Create Record
Create Record in Text Collection
You can create a record in your collection using any of the following methods:
- Provide the text content directly.
- Provide the URL of a webpage, and TaskingAI will scrape the contents.
- Upload a file, and TaskingAI will extract the text content. Supported file formats include:
.txt
,.pdf
,.docx
,.md
,.html
.
Text Splitters
When creating records that involve text processing, you can use a text splitter to divide the content into more manageable chunks. TaskingAI currently supports two primary types of text splitters:
TokenTextSplitter
This splitter divides the text based on a specified number of tokens.

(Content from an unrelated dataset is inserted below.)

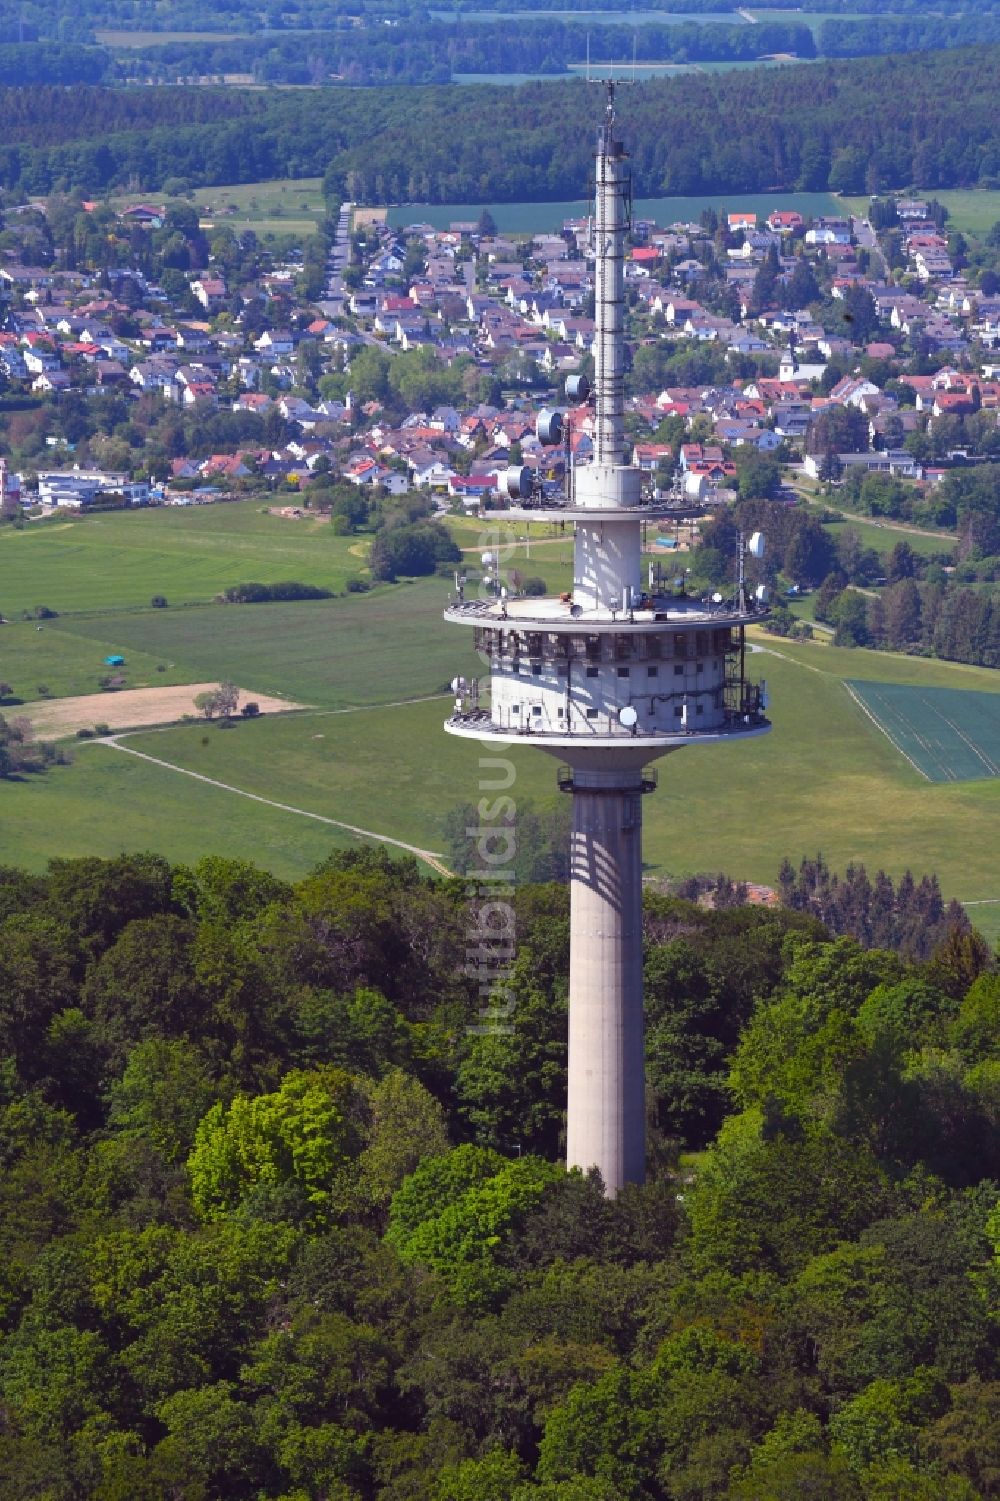 Kelkheim (Taunus) aus der Vogelperspektive: Fernmeldeturm und Fernsehturm in Kelkheim (Taunus) im Bundesland Hessen, Deutschland

It is configured with the following parameters:
chunk_size
: The maximum number of tokens per chunk. This determines how large each text chunk can be.chunk_overlap
: The number of tokens that consecutive chunks will overlap. A value of 0 indicates that there is no overlap between chunks.
Example Usage:
token_text_splitter = {
"type": "token",
"chunk_size": 200,
"chunk_overlap": 20
}
SeparatorTextSplitter
This splitter uses specified separators to divide the text into chunks. If a separated chunk exceeds the chunk_size
, it will be further divided into smaller chunks.
The parameters for this splitter are:
separators
: A list of delimiter strings used to split the text.chunk_size
: The maximum number of tokens per chunk. (This is a mandatory parameter.)chunk_overlap
: The number of tokens that consecutive chunks will overlap. A value of 0 indicates no overlap.
Example Usage:
separator_text_splitter = {
"type": "separator",
"separators": ["\n\n"],
"chunk_size": 200,
"chunk_overlap": 20
}
Both splitters are designed to optimize the processing of large text datasets by breaking them down into manageable segments.
Create a Record with Text Content
To create a new record using text, use the create_record
method. This method requires the following parameters:
collection_id
: The identifier of the collection where the record will be stored.content
: The textual content of the record.text_splitter
: The text splitter to use for dividing the text into smaller chunks.metadata
: A dictionary containing metadata for the record.
Example:
import taskingai
record = taskingai.retrieval.create_record(
collection_id="YOUR_COLLECTION_ID",
type="text",
content="Machine learning is a subfield of artificial intelligence...",
text_splitter={"type": "token", "chunk_size": 200, "chunk_overlap": 20},
metadata={"file_name": "machine_learning.pdf"}
)
After executing this function, a new record will be created within the specified collection.
The text_splitter
parameter is used only during the creation process to split the text into smaller chunks and is not stored as a property of the record.
Create a Record with a Web URL
To create a new record using a web URL, use the create_record
method and set the type
to web
, providing the URL of the webpage. The textual content of the webpage will be scraped and stored in the record.
Example:
import taskingai
record = taskingai.retrieval.create_record(
collection_id="YOUR_COLLECTION_ID",
type="web",
url="https://www.tasking.ai",
text_splitter={"type": "token", "chunk_size": 200, "chunk_overlap": 20},
)
Create a Record with an Uploaded File
Creating a record by uploading a file involves two steps: first, upload the file, and then create the record based on the uploaded file.
Upload a File
To upload a file, use the upload_file
method:
file = taskingai.file.upload_file(file=open("PATH_TO_FILE", "rb"), purpose="record_file")
print(f"Uploaded file ID: {file.file_id}")
Create a Record Based on the Uploaded File
record = taskingai.retrieval.create_record(
collection_id="YOUR_COLLECTION_ID",
type="file",
title="Machine Learning",
file_id=file.file_id,
text_splitter={"type": "token", "chunk_size": 200, "chunk_overlap": 20},
)
print(f"Created record: {record.record_id}\n")
In some cases, the record status will remain creating
for a short period after the creation call. Generally, after a few minutes, the record status will change to ready
.
When the record status changes to ready
, it means that the text has been effectively split into smaller fragments, and the embeddings for these chunks have been constructed. Only in the ready
status can the record chunks be retrieved in response to user queries.
Create Record in QA Collection
You can create a record in your QA collection using the following method:
- First, download either the CSV template file, or the Excel template file before importing.
- Then, add Q&A rows to fill in the sheet file.
- Finally, upload the sheet file and create a QA record using the TaskingAI SDK.
Here is an example:
import taskingai
file = taskingai.file.upload_file(file=open("PATH_TO_FILE", "rb"), purpose="qa_record_file")
print(f"Uploaded file ID: {file.file_id}")
record = taskingai.retrieval.create_record(
collection_id="YOUR_COLLECTION_ID",
type="qa_sheet",
file_id=file.file_id,
)
print(f"Created record: {record.record_id}\n")
Same as with text records, the record status will remain creating
for a short period after the creation call.
Only in the ready
status can the Q&A chunks be retrieved in response to user queries.